A healthy debt to income ratio is around 30%, this means that you utilise 30% of your monthly income to service your debts. A higher debt to income ratio means you could be in excessive debt which prevents you from reaching your financial goals, like saving for retirement. 

battle_of_the_bastards_44

“The Iron Bank will have its due.”

On that note, here’s another saying that you can hear whispered in the shadows of the Seven Kingdoms. In season one, we discovered that Westeros was heavily in debt to the tune of several million gold Dragons to the Iron Bank of Braavos. Not only are they the most powerful banking institution in the world of Game of Thrones, they are known for not messing around when it comes to collecting on their what’s rightfully owed to them.
When Cersei Lannister refuses to repay Westeros’ debts, their immediate reaction was to freeze all outstanding loans and switch allegiances to Stannis Baratheon and start funding his armies instead.
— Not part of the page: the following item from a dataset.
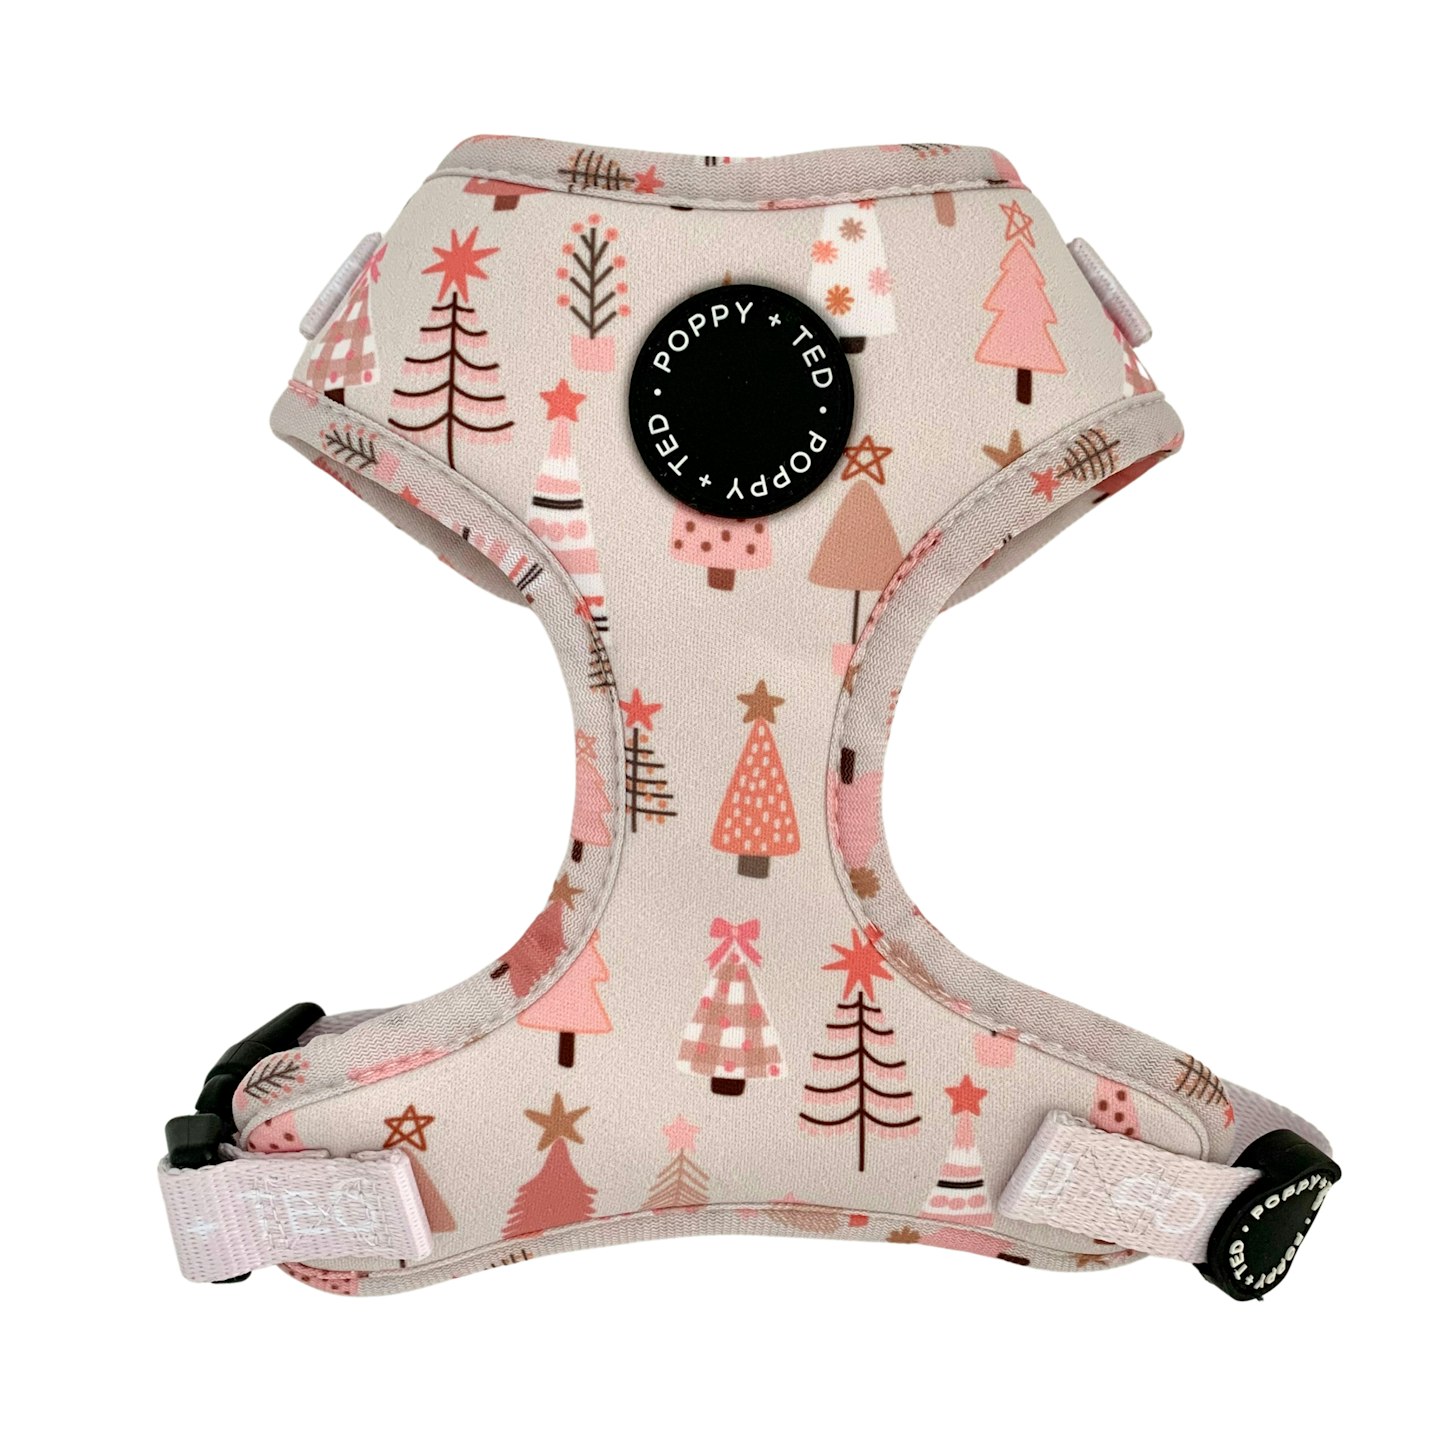 Poppy & Ted, Adjustable Harness Pink Wonderland, £24.99

Which as you can tell, doesn’t bode well for the longevity of Westeros’ ruling house.
Paying off your bills or debts that you owe to banks, financial institutions or anyone else for that matter is extremely important. Not doing so will jeopardise your chances of getting a loan in the future as you will have an extremely poor credit history. With CCRIS and CTOS reports readily available to the banks in Malaysia, this could even affect your chances of buying that dream home, sports car or even getting a credit card!

Good things come to those who wait.

Daenerys Targaryen has had it rough, what with her psychotic older brother and family’s history of having a tendency to go insane. Not only did she get married off as a political move, her warlord husband Khal Drogo soon ended up dead, due to a plot by someone Daenerys had initially trusted. But Daenerys persevered and made strategic alliances of her own which put her at the head of an army with not one, but THREE dragons.
"You and what army?" "This one."
Photo credit: HBO
Talk about a spectacular comeback for someone who had already been written off by her enemies.
It’s hard not to be disheartened when you’re faced with what seems like a mountain of debt that you can’t overcome. The point is, always be patient and persevere through whatever challenges your financial situation may bring. If you need help, don’t be afraid to reach out to organisations like AKPK and tackle your financial challenges head on. Baby steps will lead you to giant strides.